Solo amore vi spinge
a negarvi cercandovi.
Erano un tempo le città canzoni
oscure sulle labbra: l’uomo usciva
dal suo silenzio con le mani tese
e la sua fame disegnava il mondo
in forme nuove; urlarono gli dèi
nelle loro dimore vegetali
per quelle forme erette e la coscienza
impose al cerchio ed alla stele il rito
sacrificale dei segnati limiti:
tutto stava nel segno e tutto urtava
contro quel segno che lo divideva
dal suo essere uno.

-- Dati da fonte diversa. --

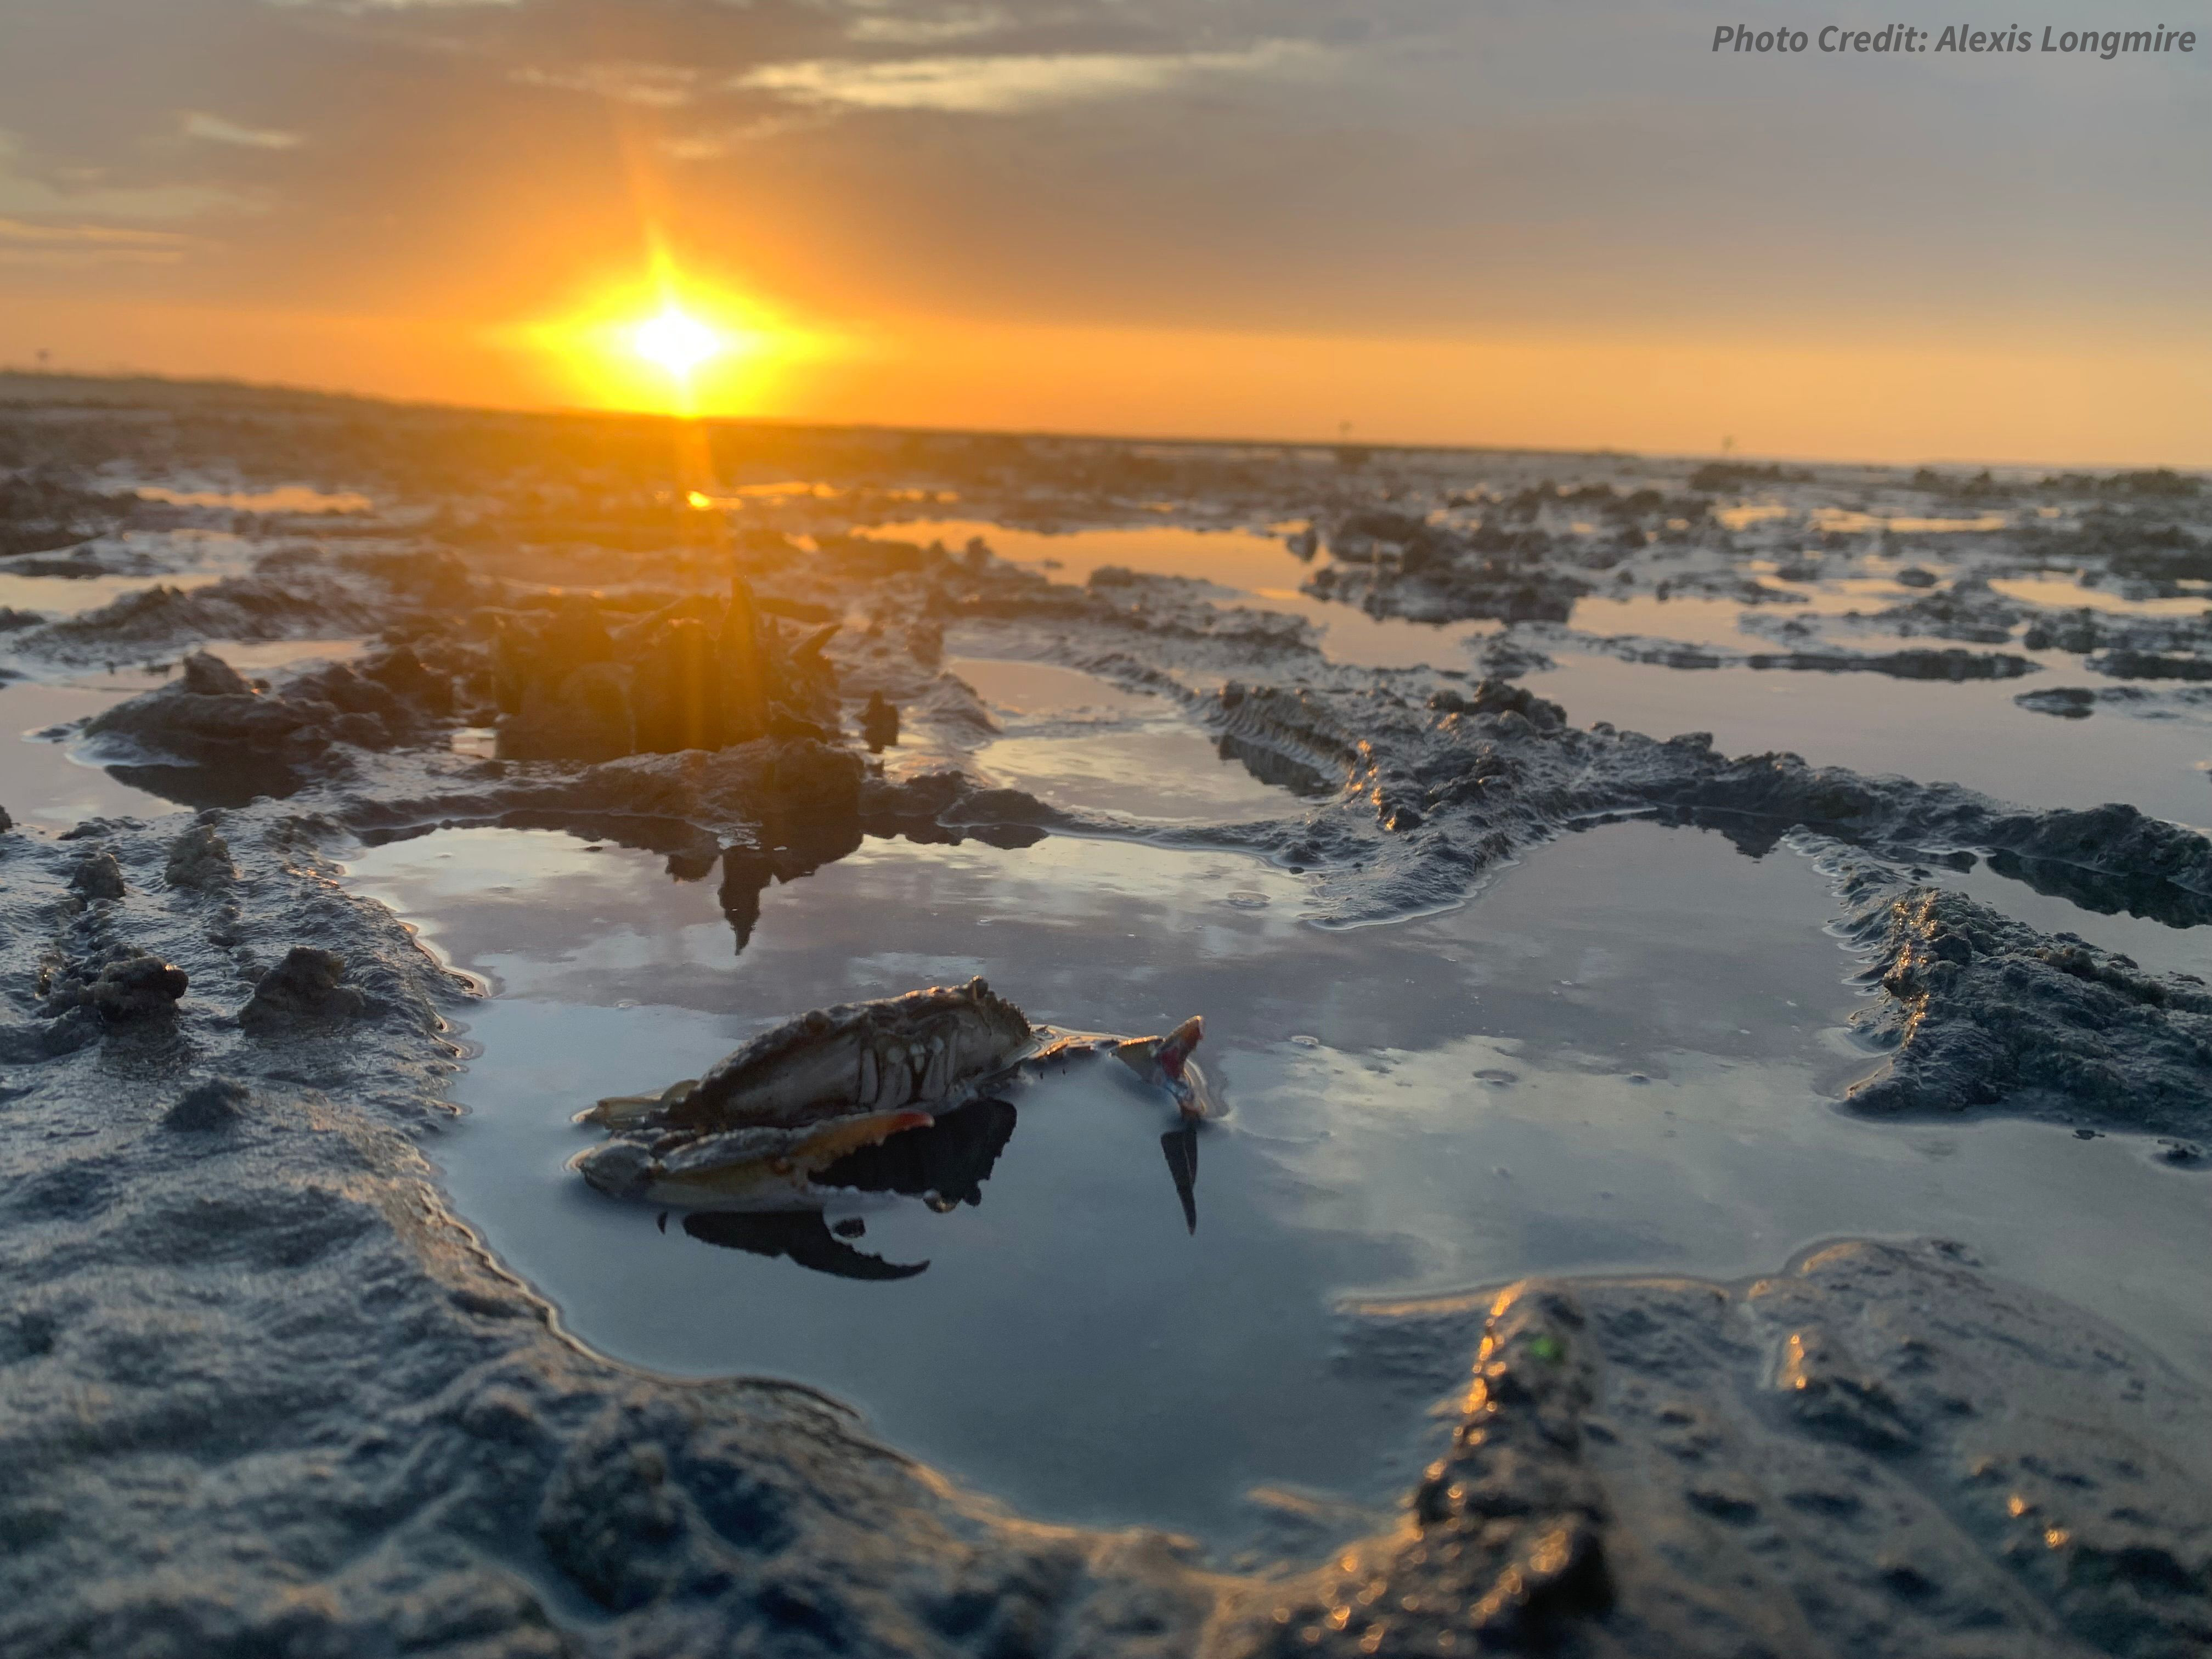 A crab pokes out of the water in a rock formation with the sun rising in the distance.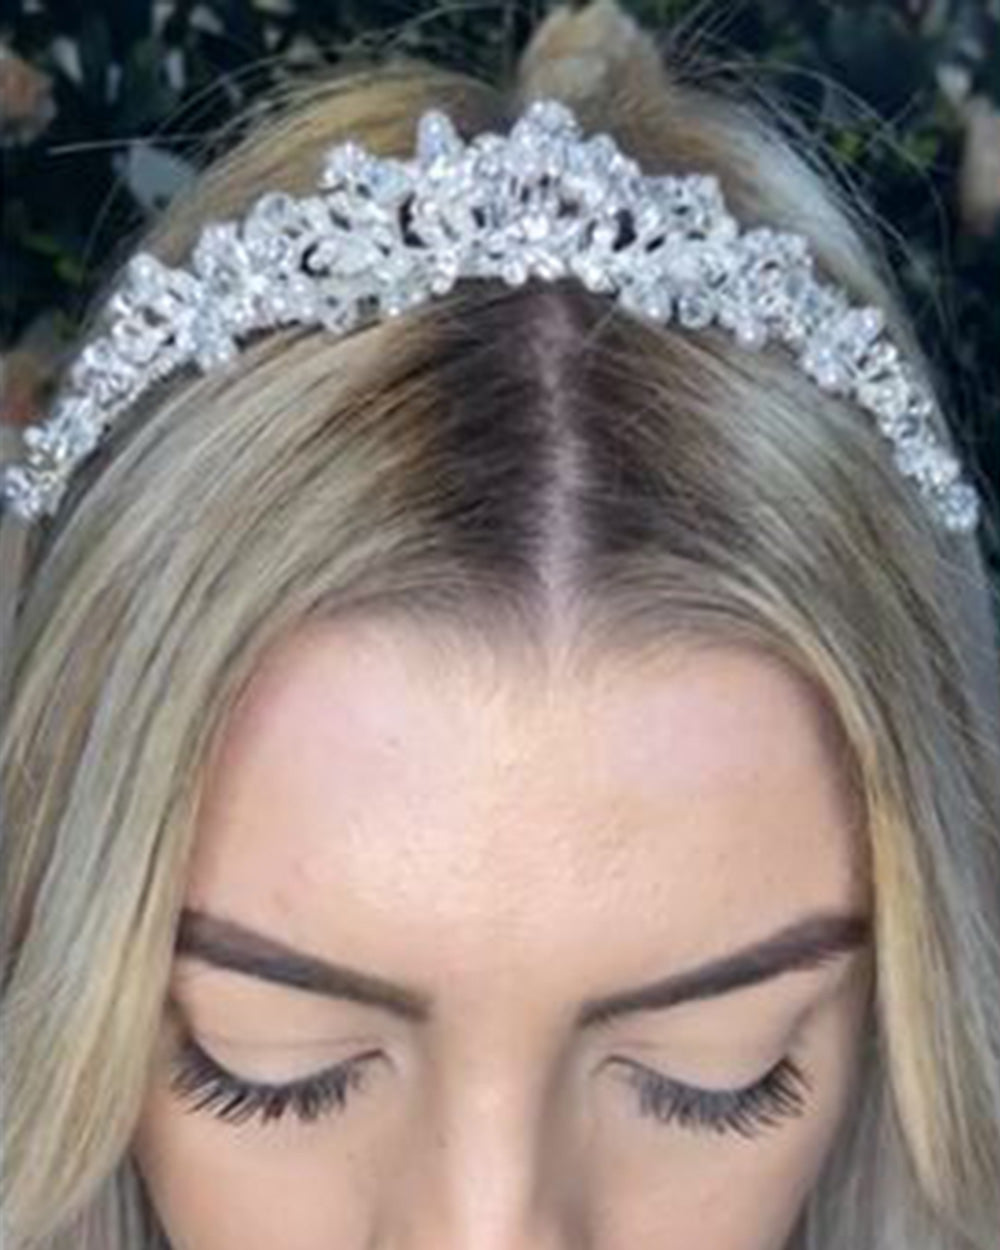 This diamante wedding tiara oozes sophistication and effortless style. Highly detailed with crystals and diamantes to create floral and leaf shapes. Decorated with stunning pearl beads for a classy and timeless design.  Why not take advantage of any and all chances to wear a tiara. If you can't wear one on your wedding day, when can you? Every bride deserves to feel like a true princess on their big day. So, complete your bridal look with one of our beautiful wedding tiaras.

Le città
cantarono nel vento con le chiome
di pietra e fango ed eravamo noi
quella pietra e quel fango ed eravamo
muti dallo stupore. Non è questo
il confine: la vita è nella sintesi
che sempre ripropone la domanda
insoluta da sempre. Le città
ora guardano il cielo stupefatte
del canto morto in cuore per l’attesa
di ciò che non sarà; la terra pure
sente il suo cuore come pietra tenera
pronta a tornare presto aria nell ‘aria.
Ma è l’amore del tempo
che ricuce in un brivido
spazi opposti e diversi
plurime dimensioni
(un segnale stradale
un vetro un autostop
la notte all’improvviso
come una strana eclisse)
a sciogliere le mani
indurite in un pugno.
Canteranno di nuovo le città
in lontane, perdute trasparenze
e quel velo/veleno che divide
s’aprirà come un palmo ad altri sensi
figli del tempo (sia di morte o vita).
D -Passa un cane e mi guarda
col suo sguardo di cane
U- Urano è lì che segue
una sua esatta orbita
D -La sua sorte è segnata
così senza padrone
U- Vola la navicella
a remoti confini
D -Tutto aveva un suo senso
nel ricomporsi tutto
U- Andiamo nel sorriso
di qualche fotocellula
D -Il tramonto nel sangue
è una ferita antica
U- Quando sarà che il sole
muti traverseremo
Voce -Dialoghi
diaspore
diacronìe
tempo diviso
tempo inviso
tempo in -viso
tempio
empio disegno
segno di-segno
arca
dente
ente
sillabe sulle labbra
labbra
sillabate
due voci
nel silenzio
di due voci
D -e furono alberi nani
sull’acqua decisa a morire
e furono storie sul filo
di qualche foce impossibile;
andavo cantando qualcosa
dov’erano prode di grano
cucite sulle tempie
di questa madre durissima
che non dice parole;
l’infanzia giocava sul prato
il suo ultimo dado:
la casa materna la casa
formato modello di plastica
e tu -che misuri le stelle –
non credi al ricordo del dio
cruciato in un palmo di creta?
U- Scagliando una freccia dall’arco di salice
più fermo è il dolore del nostro cadere
in nette parabole; andando sul fiume
vedevo fuggire le rane al passo leggero
su foglie tessute di terra (le rane cadevano
di schianto nell’acqua e la freccia raccolta
era un’unghia scalfita). Non seppi mai bene
codeste parole rimaste confuse all’orecchio
scagliando una freccia dall’arco di salice.
D -Questo è un muro
U- Un confine necessario
D- Nessuno risponde a nessuno
U- Un confine necessario
D- II cane è laggiù senza meta
che segue una stella di calce
U- Un confine necessario
Voce- Di noi diranno che fummo tenaci,
era più dolce l’ombra della luce
quando scoprimmo il senso degli dèi
e che il muro ha due facce e una sezione.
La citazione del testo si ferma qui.